# Honda gc 160 engine on troy built pressure washer, help!!



## ncdude (Jul 24, 2014)

Hello everyone,

I have a troy built pressure washer with a Honda GC 160 engine that is giving me problems starting. If I pull out the choke and try and start it, it runs for a few seconds and dies. Then you wait 20 seconds and try again to get the same result over and over. If you don't wait the 20 seconds it will run shorter and struggle more. I have put fresh gas in it after draining the tank, filter is good, and the spark plug spark looks good. I also tried loosening the gas cap and still the same result. Without the choke you can pull on the rope till you pass out and it will not fire.
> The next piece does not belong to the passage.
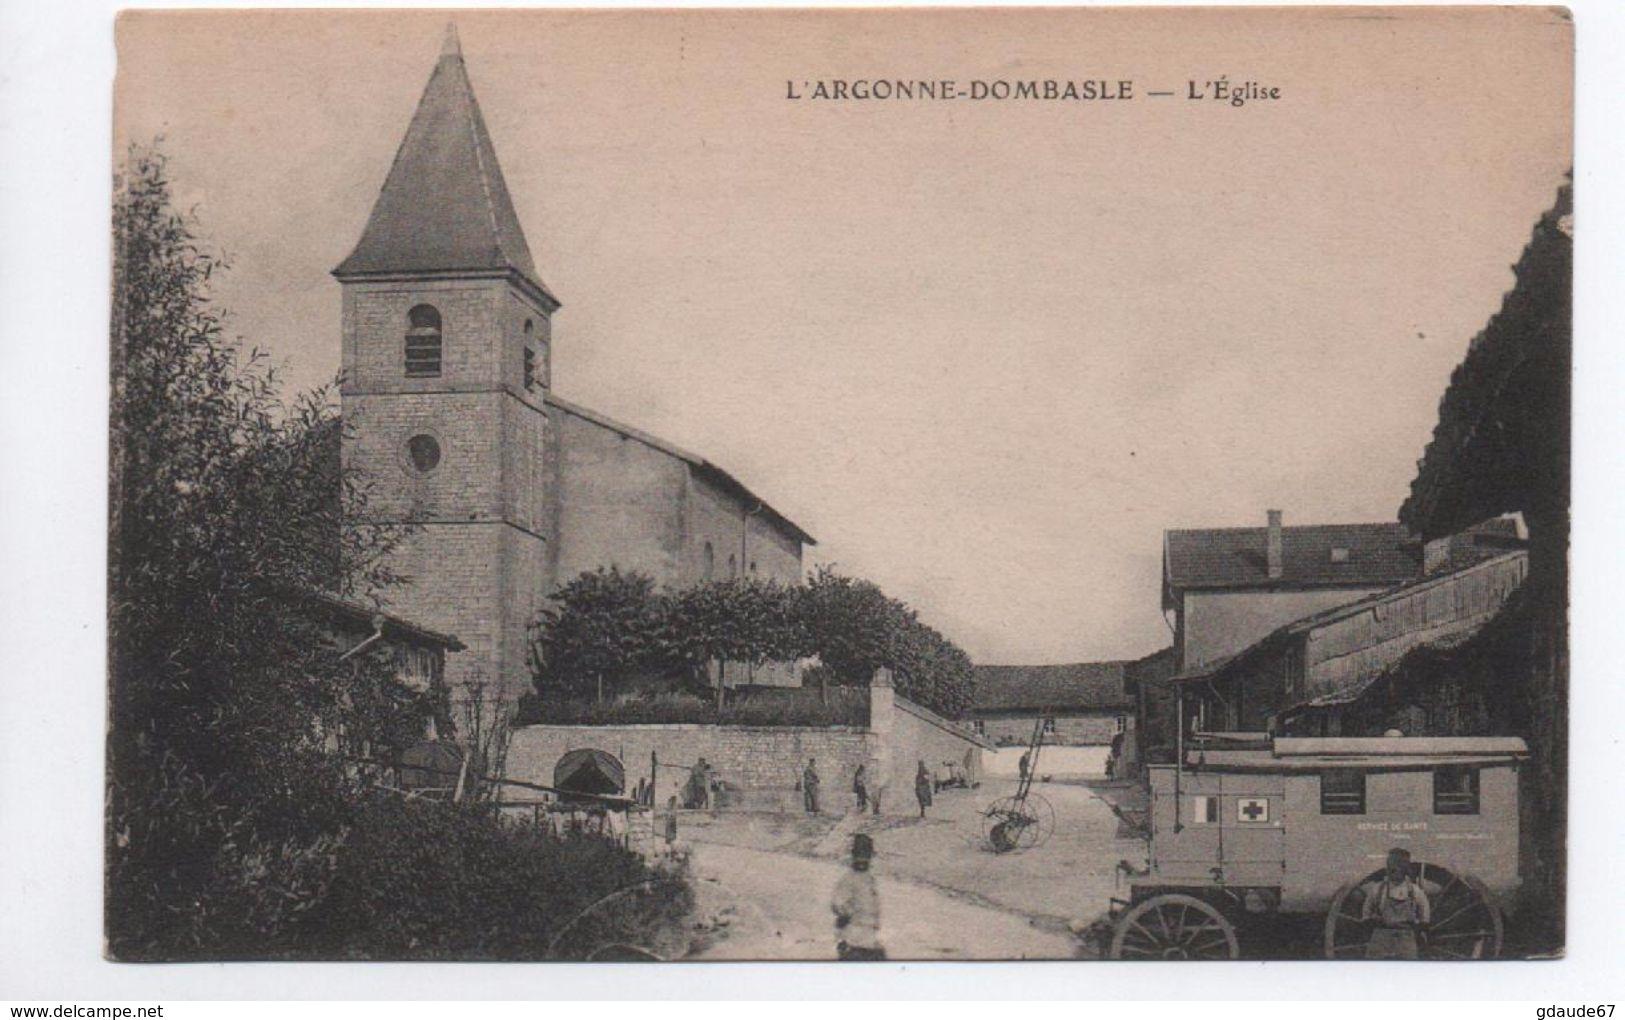 L'ARGONNE DOMBASLE (51) - L'EGLISE - VOITURE CROIX ROUGE / SERVICE DE SANTE WW1 - France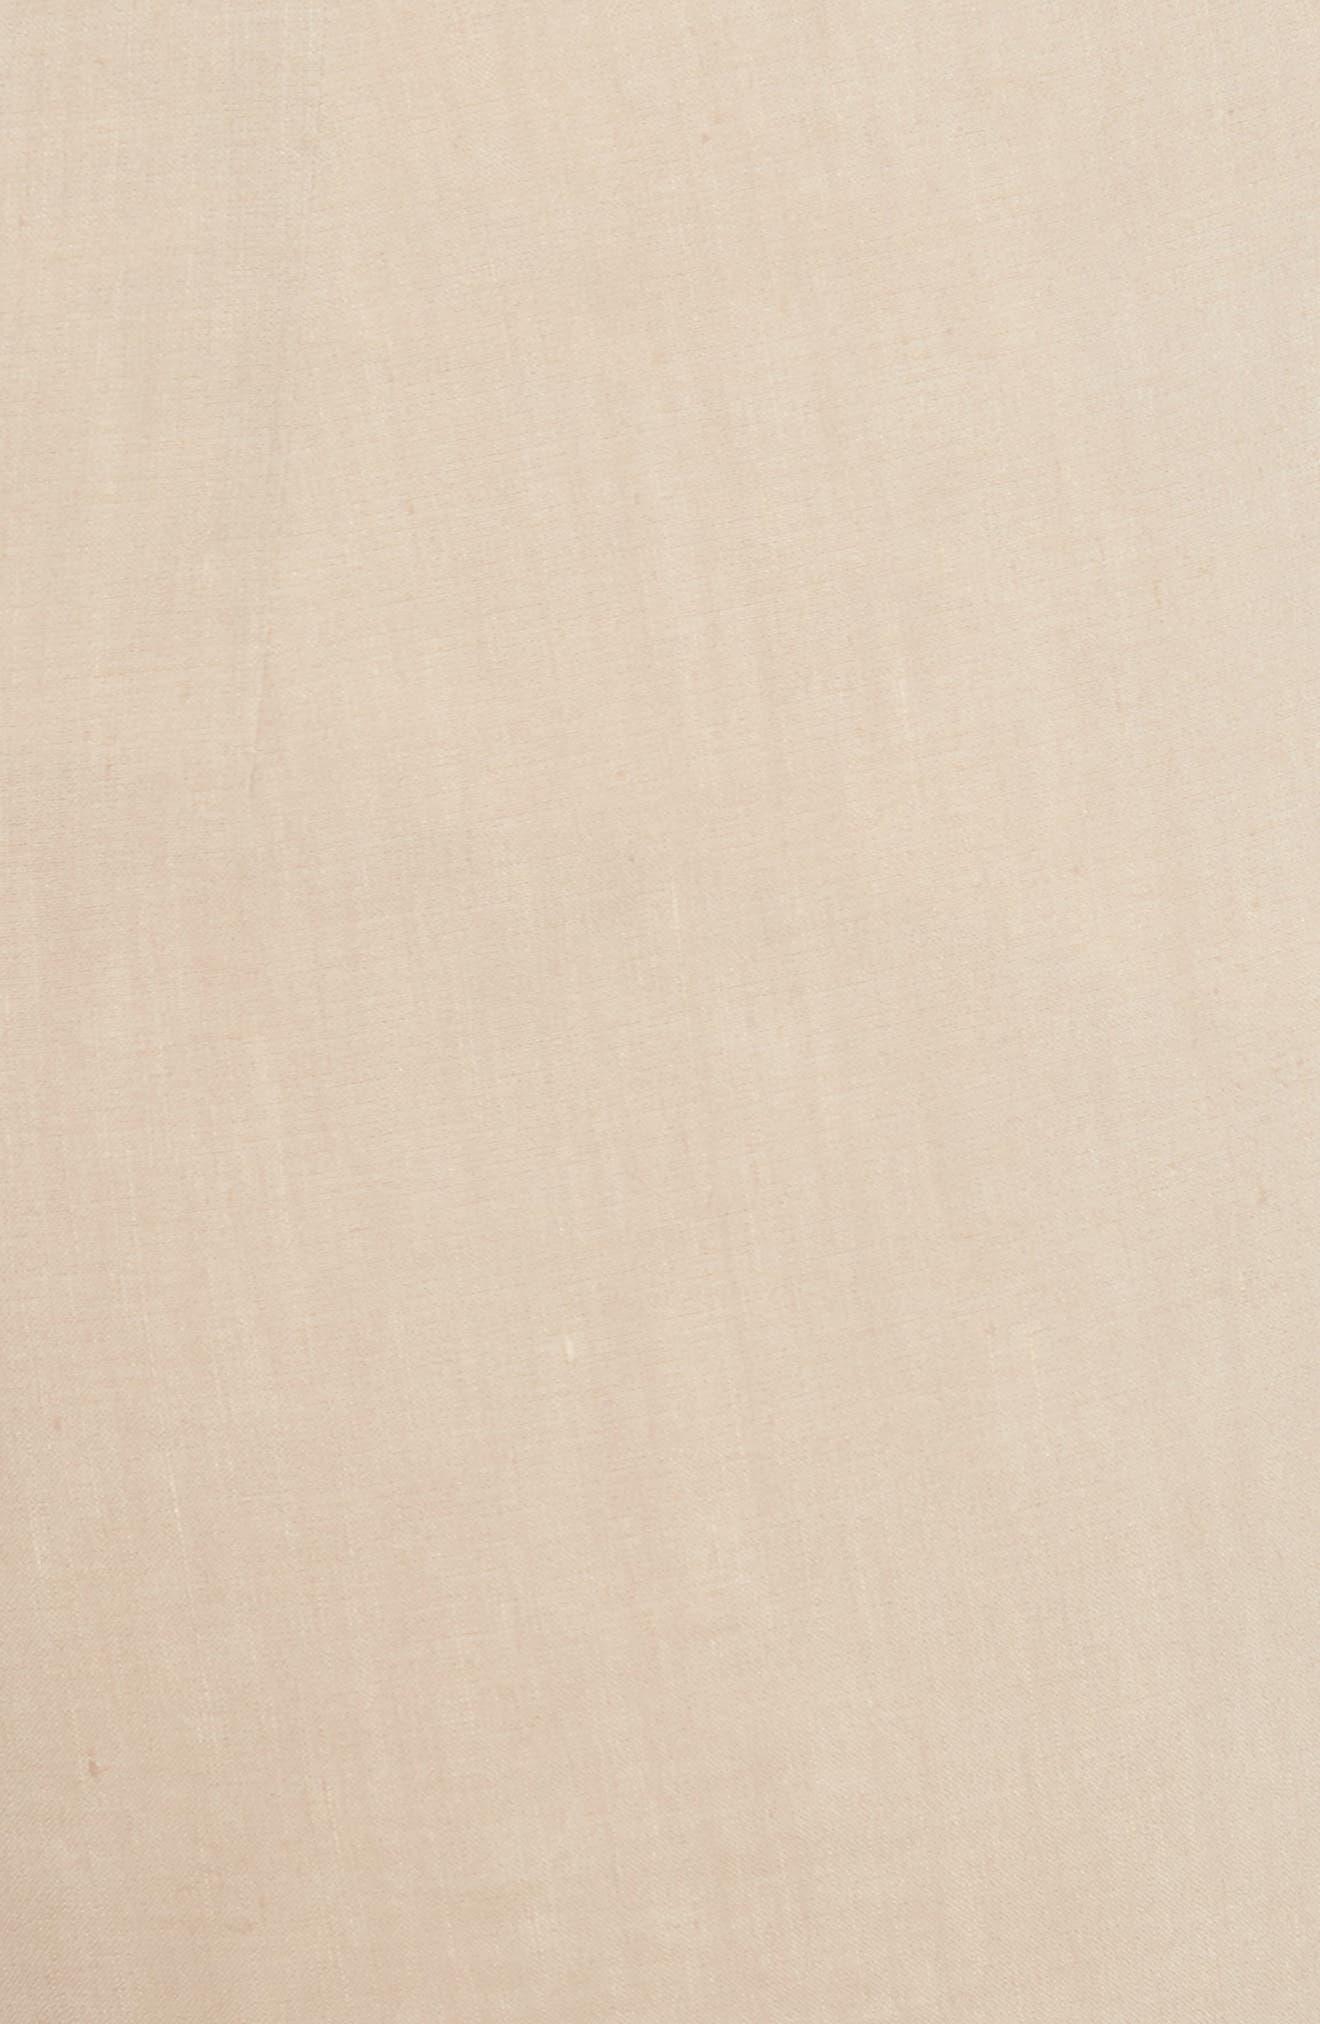 Pull-On Linen Blend Pants,                             Alternate thumbnail 6, color,                             Light Wheat

Does anyone have any ideas how to fix this?

Thanks,

Scott


----------



## geogrubb (Jul 28, 2006)

ncdude said:


> Hello everyone,
> 
> I have a troy built pressure washer with a Honda GC 160 engine that is giving me problems starting. If I pull out the choke and try and start it, it runs for a few seconds and dies. Then you wait 20 seconds and try again to get the same result over and over. If you don't wait the 20 seconds it will run shorter and struggle more. I have put fresh gas in it after draining the tank, filter is good, and the spark plug spark looks good. I also tried loosening the gas cap and still the same result. Without the choke you can pull on the rope till you pass out and it will not fire.
> 
> ...


Honda's are very finicky about the spark plug, so get a new one even though the old one looks ok. Then hold the trigger on the spray wand to relieve pressure while it is starting. Have a good one. Geo


----------



## ncdude (Jul 24, 2014)

I will give that a try, if anyone else has any suggestions please continue to post them.

Thanks


----------



## 30yearTech (Sep 14, 2006)

When was the last time this unit was started?
Was it stored with fuel in it?
Sounds like it could be a carburetor problem.


----------



## ncdude (Jul 24, 2014)

It was used last summer and like a dummy I left fuel in it. What's the best way to resolve this?

Thanks


----------



## 30yearTech (Sep 14, 2006)

You will need to tear the carburetor down and clean it out real good, or the carburetors used on these engines are pretty cheap. You could just purchase a new one and replace your old one. They run around $20.00.


----------



## ncdude (Jul 24, 2014)

Where is a good place to purchase one? If you don't mind pointing the way.

Thanks


----------



## 30yearTech (Sep 14, 2006)

Your local Honda dealer would be the quickest, but I use Jacks Small Engine on the internet sometimes.


----------



## ncdude (Jul 24, 2014)

You were correct, the new card fixed it.

Thanks you


----------



## 30yearTech (Sep 14, 2006)

ncdude said:


> You were correct, the new card fixed it.
> 
> Thanks you


Glad to hear you got it going again. :thumbsup::thumbsup:


----------